Pushing the paints to the side, you sigh and rub the back of your neck. “Honestly? I’m thinking I’m an awesome painter and creator of beautiful things. But when it comes to you, nothing will ever come close. No matter if it was Van Gogh with his paints or Shakespeare with his words. Nothing will ever come close enough to what it’s like to really see you. Be with you. Want you. Love you. The two things don’t compare. There’s no contest.”

I push away those two words close to the end.
Love you.
And I think about everything else you said. Tears fill my eyes. “Thank you,” I whisper.

“You’re welcome, Stella.” You start to duck your head back to the painting when you say my name.

“Yes?”

Sighing, you say, “I pray, and, Stella, I don’t pray. I didn’t pray until I met you. There was nothing worth praying for. But I pray for you.”

“What do you pray for?”

“I pray one day you see yourself through my eyes. I pray we end up together. But what I pray for most is that you find happiness, because that is all I want. I want to see that beautiful smile on your face, light in your eyes, and hear laughter in your voice. I pray that it’s because of me, but if it isn’t, then I’ll be fine just knowing you still have it.”

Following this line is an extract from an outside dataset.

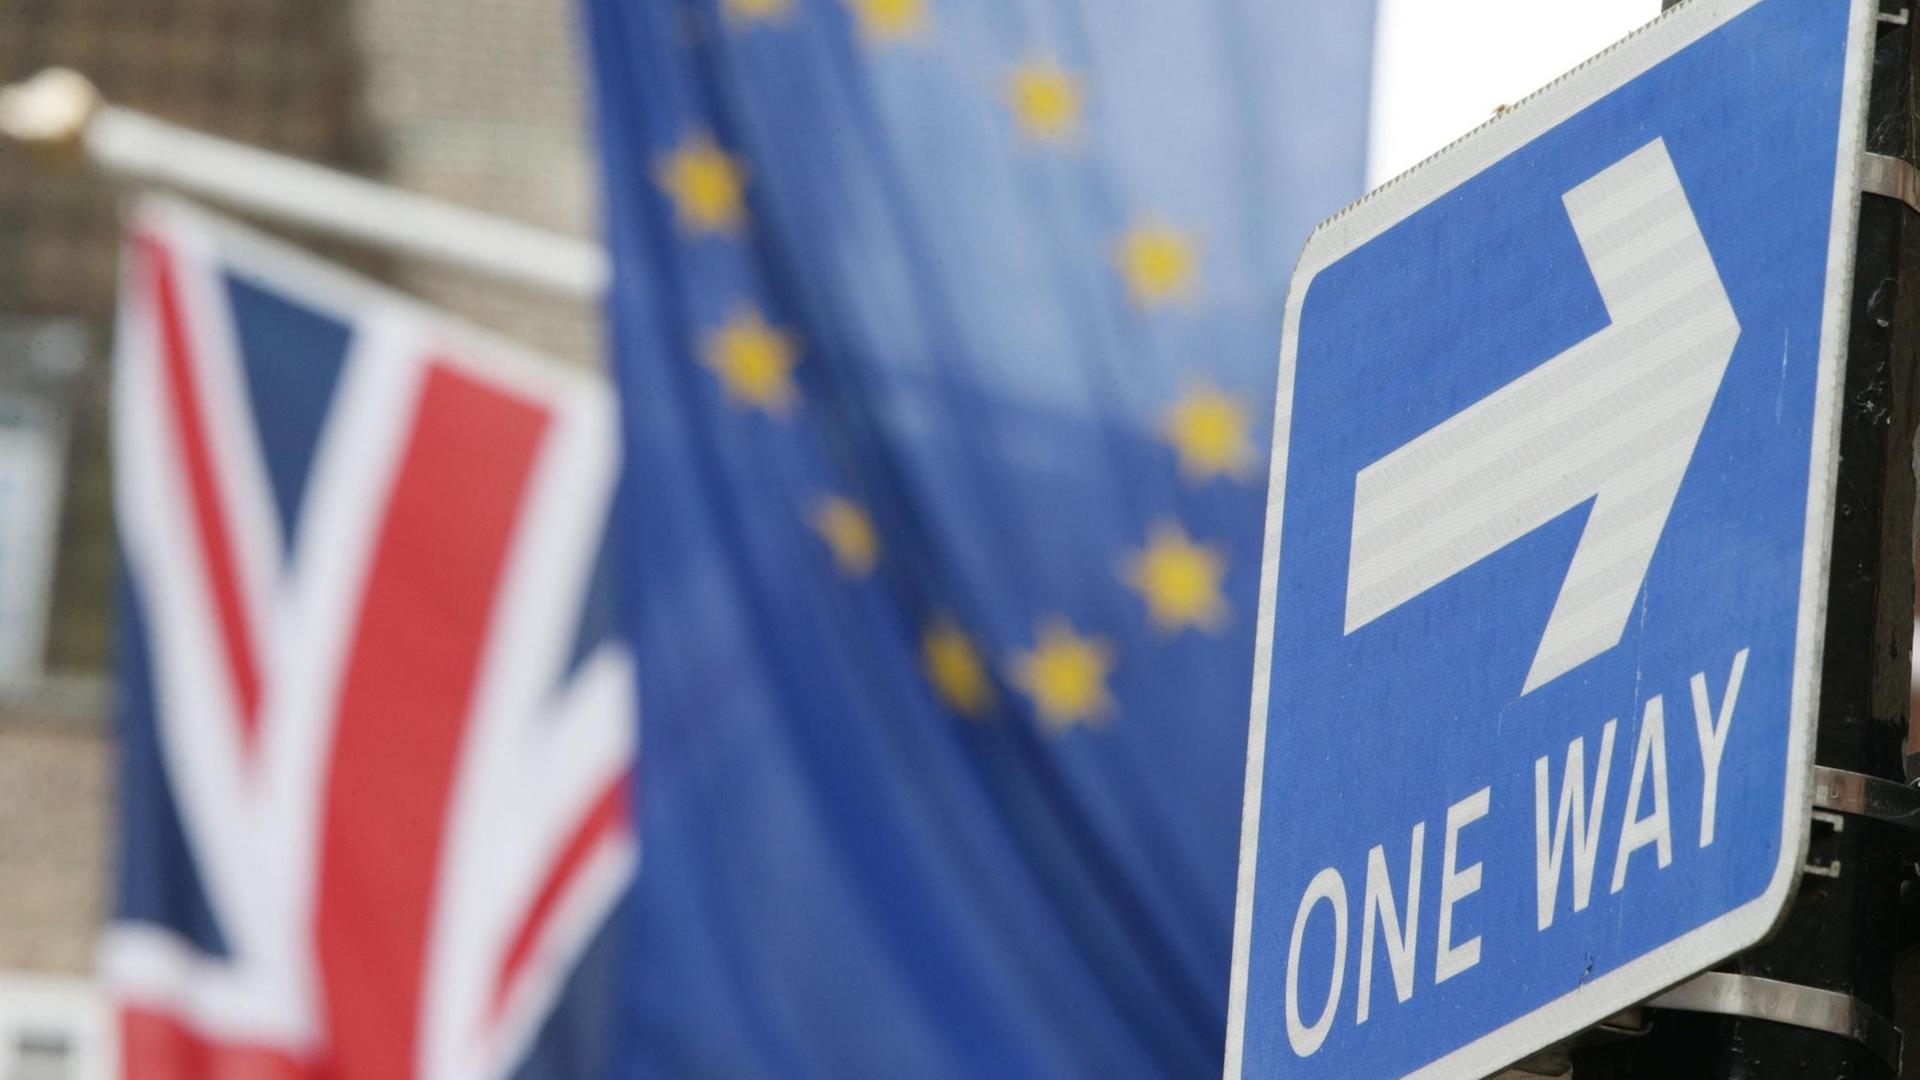 Ein englisches Einbahnstraße-Schild, im Hintergrund sind die Europaflagge und ein Union-Jack zu sehen.
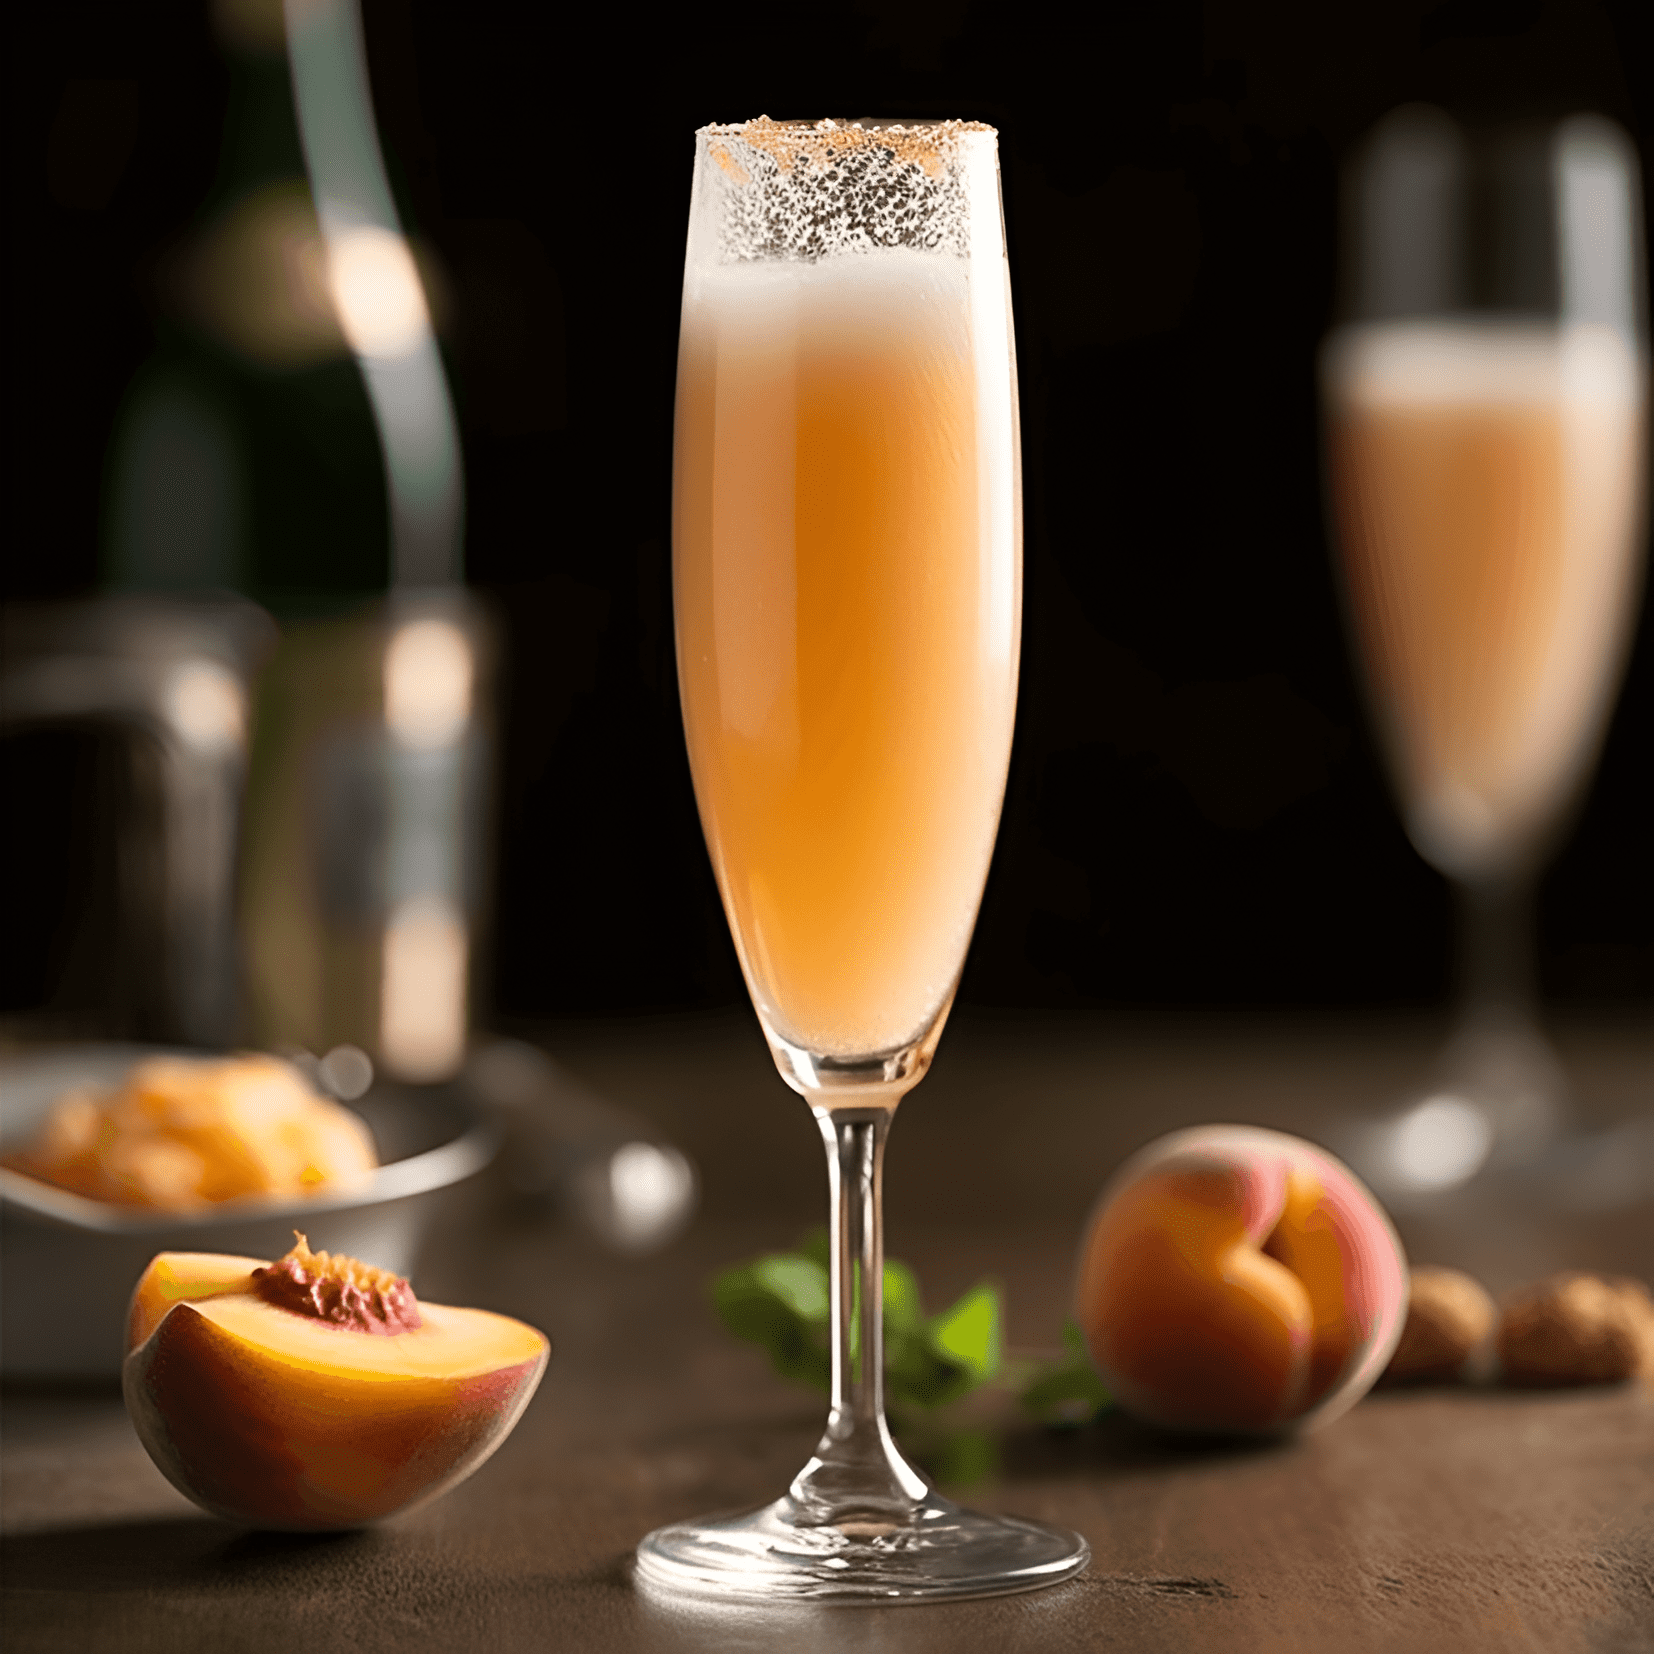 Peach Bellini Cóctel Receta - El Peach Bellini tiene un sabor refrescante, afrutado y ligeramente dulce. La combinación de puré de durazno y Prosecco crea una textura ligera, burbujeante y suave.

Tears fall. Freely. Willingly. Unstoppable. A sense of comfort, safety, and love washes over me. I think about everything I’ve put you two through. Especially you. A willing participant, and I wonder how much further you can go before you break. I’m not sure how long I lie on that bed, and it doesn’t matter. It seems no matter the time I spend with you, every second is worth it. So I take it and watch you. I try to memorize every single feature of your body, soul, self.

Until you say, “All done.”

I smile. A small one, because this is it. The moment of everything. How you see me. It’ll show how you feel for me, although I think I already know. Sitting up, I stretch my arms over my head, releasing a small whimper. “Can I look at it?”